Dalam  hal ini dengan dasarnya bahwa belum  dipenuhinya prestasi dari pihak pembeli yaitu Siti Faridah untuk melakukan pembayaran kepada pihak penjual (PT PMA).  Gugatan atau sanksi bagi pelaku wanprestasi dapat berupa menuntut ganti rugi(psl 1243 KUHPerdata) yg terdiri dari 3 unsur yaitu :
1.      biaya, yaitu semua pengeluaran/ongkos yang secara nyata telah dikeluarkan oleh PT PMA;
2.      ganti rugi, yakni kerugian karena kerusakan barang milik kreditur yg diakibatkan kelalaian debitur;
3.      bunga, kerugian yg berupa kehilangan keuntungan yg telah direncanakan oleh PT PMA. Hal ini dapat juga dimintakan pembatalan perjanjian melalui pengadilan (psl 1266 KUHPerdata),atau membayar biaya perkara bila diperkarakan di pengadilan.
Selain menggugat dibidang perdata, PT PMA dapat juga menggugat Siti Faridah di dalam bidang pidana yaitu terkait masalah penipuan. Penipuan adalah sebuah kebohongan yang dibuat untuk keuntungan pribadi tetapi merugikan orang lain. Pasal 378 KUHP merumuskan sebagai berikut:
“Barang siapa dengan maksud untuk menguntungkan diri sendiri atau orang lain dengan melawan hukum, dengan memakai nama palsu atau martabat palsu, dengan tipu muslihat ataupun dengan rangkaian kebohongan menggerakkan orang lain untuk menyerahkan sesuatu benda kepadanya, atau supaya memberi hutang maupun menghapuskan piutang, diancam karena penipuan dengan pidana penjara paling lama 4 tahun.”

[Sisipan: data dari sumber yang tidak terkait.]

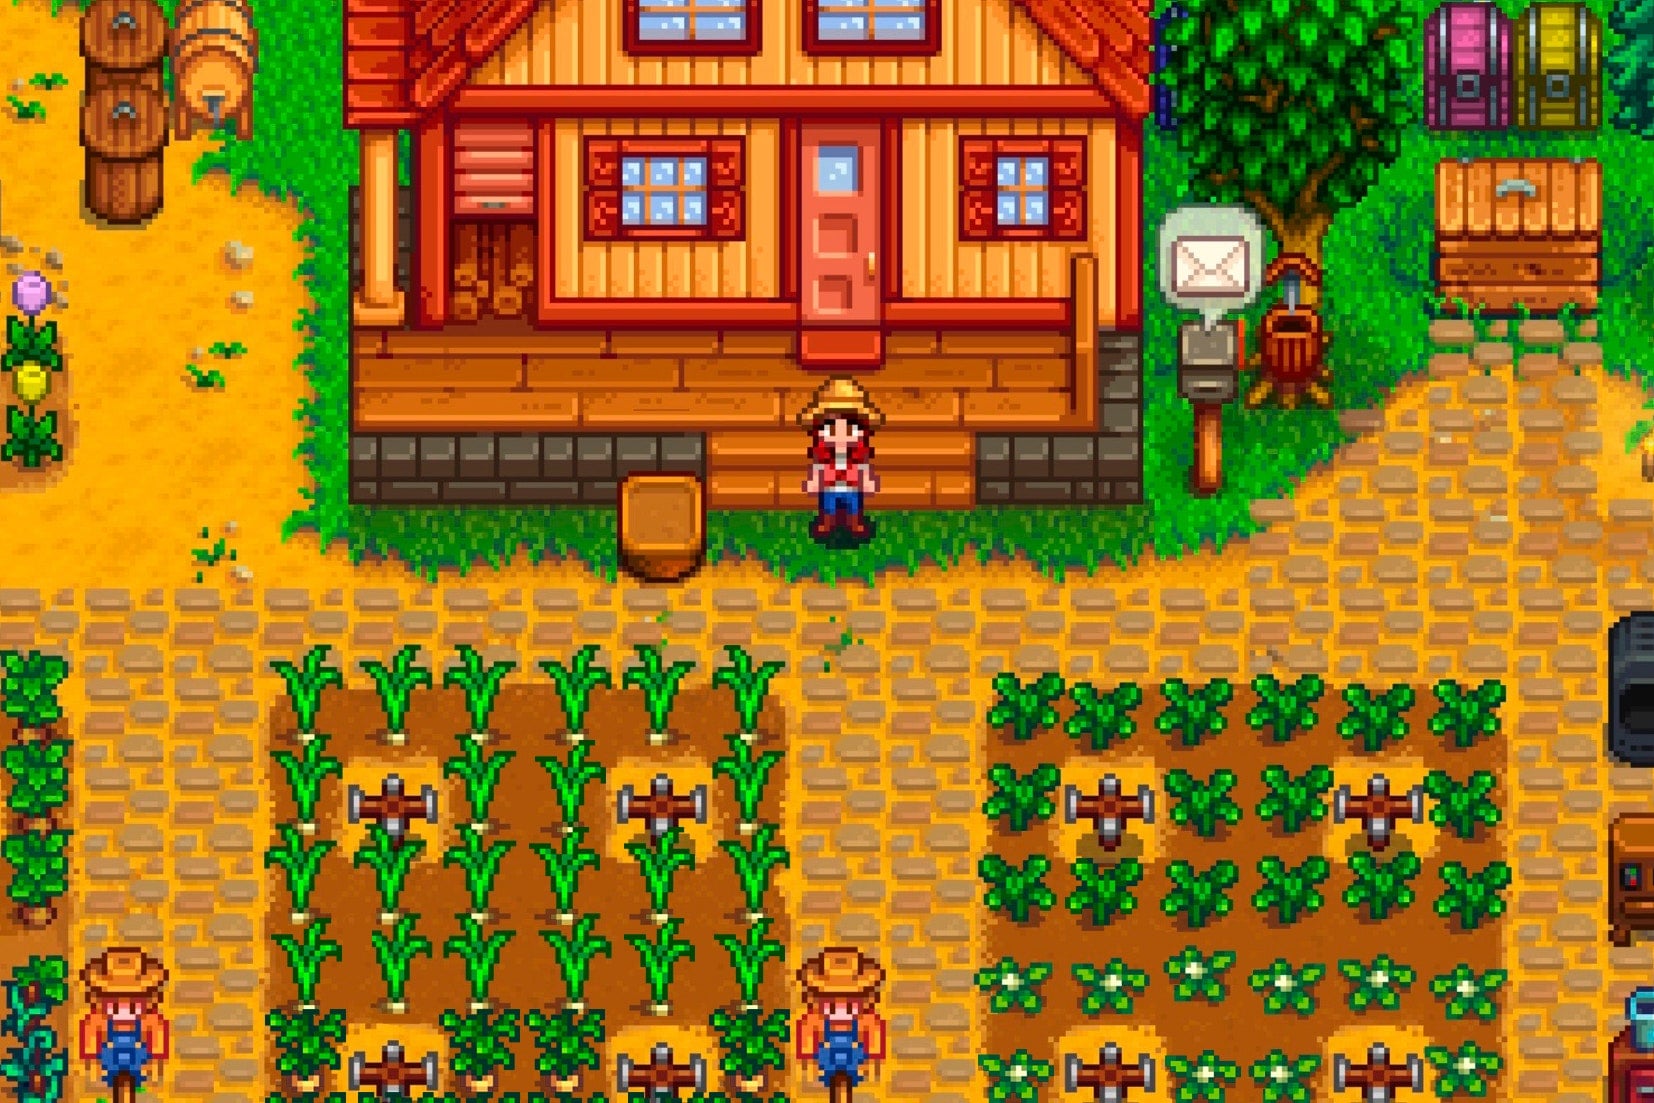 20 Games Like Stardew Valley You Should Play in 2022.

Akibat dari Cek kosong adalah bank wajib memberikan surat peringatan 1,2 kemudian surat pemberitahuan penutupan rekening nasabah jika menarik cek kosong 3 lembar/lebih dalam jangka waktu 6 bulan, menarik cek kosong 1 lembar dengan nominal Rp1 Milyar atau lebih, dan namanya tercantum dalam daftar hitam yang masih berlaku. Ketentuan mengenai Tata Usaha penarikan Cek/ Bilyet giro kosong diatur dalam:
1.      SEBI  No. 2 / 10. DASP Perihal Tata Usaha penarikan Cek/ Bilyet giro kosong
2.      SEBI No. 4/ 17/ DASP Perihal Perubahan Surat Edaran No. 2 / 10. DASP Perihal Tata Usaha penarikan Cek/ Bilyet giro kosong
3.      SEBI No. 8/ 17/ DASP Perihal Perubahan Kedua Surat Edaran No. 2 / 10. DASP Perihal Tata Usaha penarikan Cek/ Bilyet giro kosong
4.      SEBI No. 8/ 33/ DASP Perihal Perubahan Ketiga Surat Edaran No. 2 / 10. DASP Perihal Tata Usaha penarikan Cek/ Bilyet giro kosong
Peraturan untuk cek kosong hanya sebatas penutupan rekening dan pelaporan kepada Bank Indonesia dan pemilik rekening tidak diperbolehkan berhubungan dengan bank-bank di dalam maupun luar negeri. Itupun setelah pemilik rekening mengeluarkan cek kosong selama 3 kali berturut-turut dalam kurun waktu enam bulan. Peraturan dan sanksi ini kurang kuat untuk menghentikan seseorang mengeluarkan cek kosong.

Dengan ditetapkannya Undang-undang larangan penarikan cek kosong yang meberikan hukuman yang berat diharapkan transaksi usaha tidak akan terganggu dan mengurangi penyelewengan yang selama ini terjadi dalam ranah cek kosong. Negara Indonesia memerlukan peraturan yang tegas dan benar-benar dijalankan di lapangan untuk mencapai kesejahteraan dan keamanan berinvestasi dan berbisnis.